Metadata-Version: 2.4
Name: ainfo
Version: 0.1.0
Summary: Add your description here
Author-email: Codex <codex@openai.com>
License-File: LICENSE
Requires-Python: >=3.12
Requires-Dist: aiofiles
Requires-Dist: beautifulsoup4
Requires-Dist: httpx
Requires-Dist: playwright
Requires-Dist: pydantic
Requires-Dist: selectolax
Requires-Dist: typer
Description-Content-Type: text/markdown

# ainfo

gather structured information from any website - ready for LLMs

## Architecture

The project separates concerns into distinct modules:

- `fetching` – obtain raw data from a source
- `parsing` – transform raw data into a structured form
- `extraction` – pull relevant information from the parsed data
- `output` – handle presentation of the extracted results

## Usage

Install the project and run the CLI against a URL:

```bash
pip install -e .
ainfo run https://example.com
```

The command fetches the page, parses its content and prints any emails,
phone numbers or addresses that were detected.

To delegate information extraction or summarisation to an LLM, provide an
OpenRouter API key via the ``OPENROUTER_API_KEY`` environment variable and pass
``--use-llm`` or ``--summarize``:

```bash
export OPENROUTER_API_KEY=your_key
ainfo run https://example.com --use-llm --summarize
```

If the target site relies on client-side JavaScript, enable rendering with a
headless browser:

```bash
ainfo run https://example.com --render-js
```

To crawl multiple pages starting from a URL and extract contact details from
each one:

```bash
ainfo crawl https://example.com --depth 2
```

The crawler visits pages breadth-first up to the specified depth and prints
results for every page encountered.

Both commands accept `--render-js` to execute JavaScript before scraping, which
uses [Playwright](https://playwright.dev/).
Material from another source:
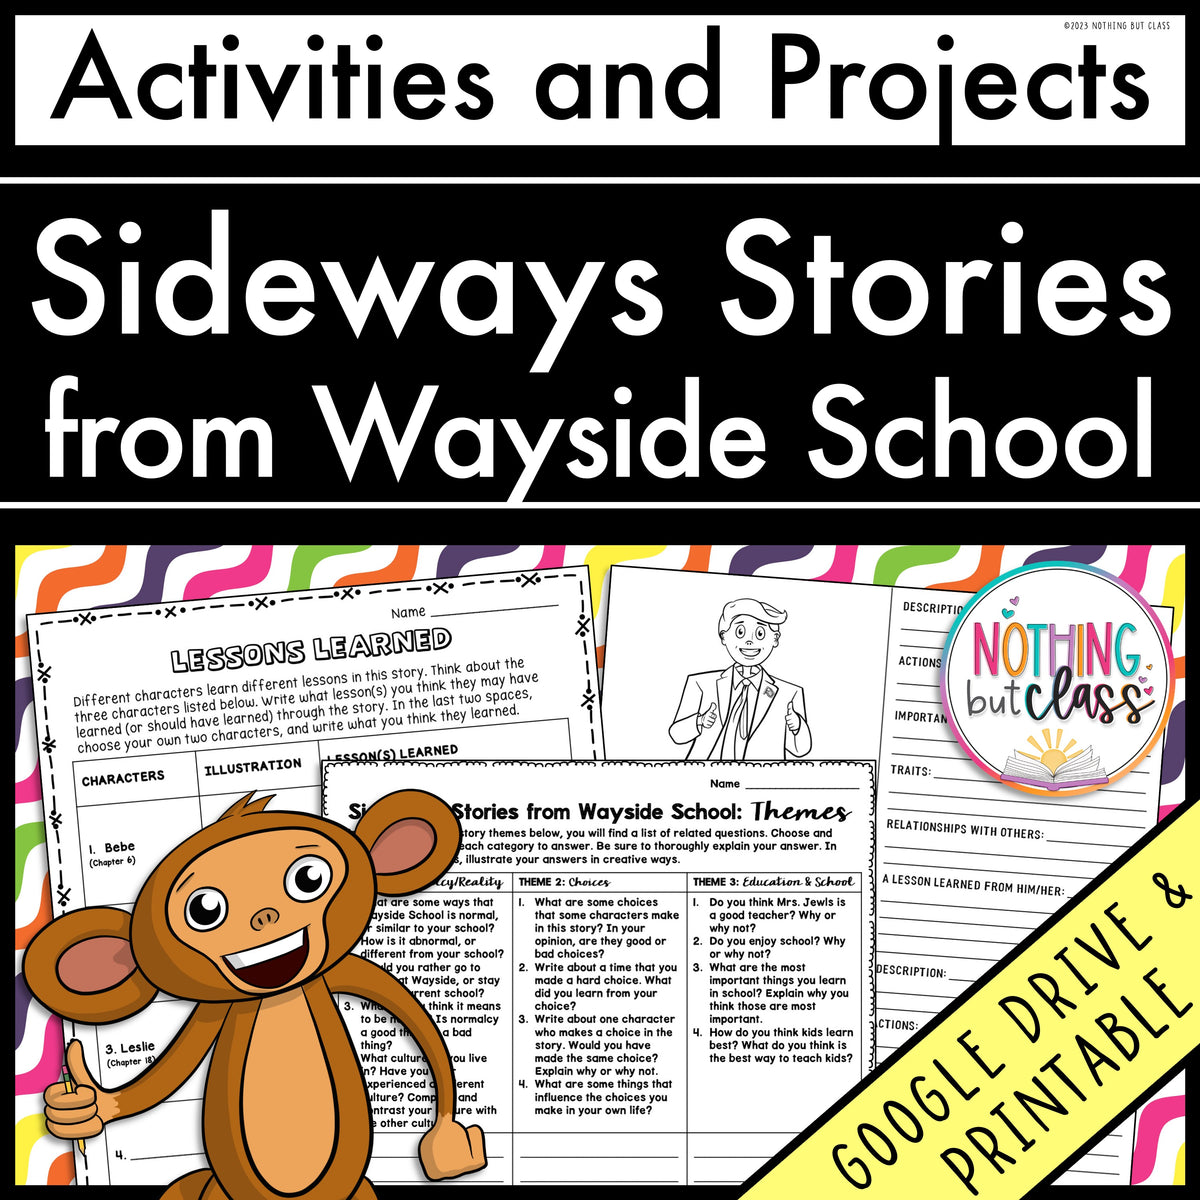 Sideways Stories From Wayside School & Wayside School is

Installing the browser drivers may
require running `playwright install`.

### Environment configuration

Copy `.env.example` to `.env` and populate it with your OpenRouter credentials
to enable LLM-powered features.

## Limitations

- Crawling retrieves each page twice: once for discovery and once for
  extraction, which may impact performance on large sites.
- Extraction focuses on basic contact details; more extractors can be added.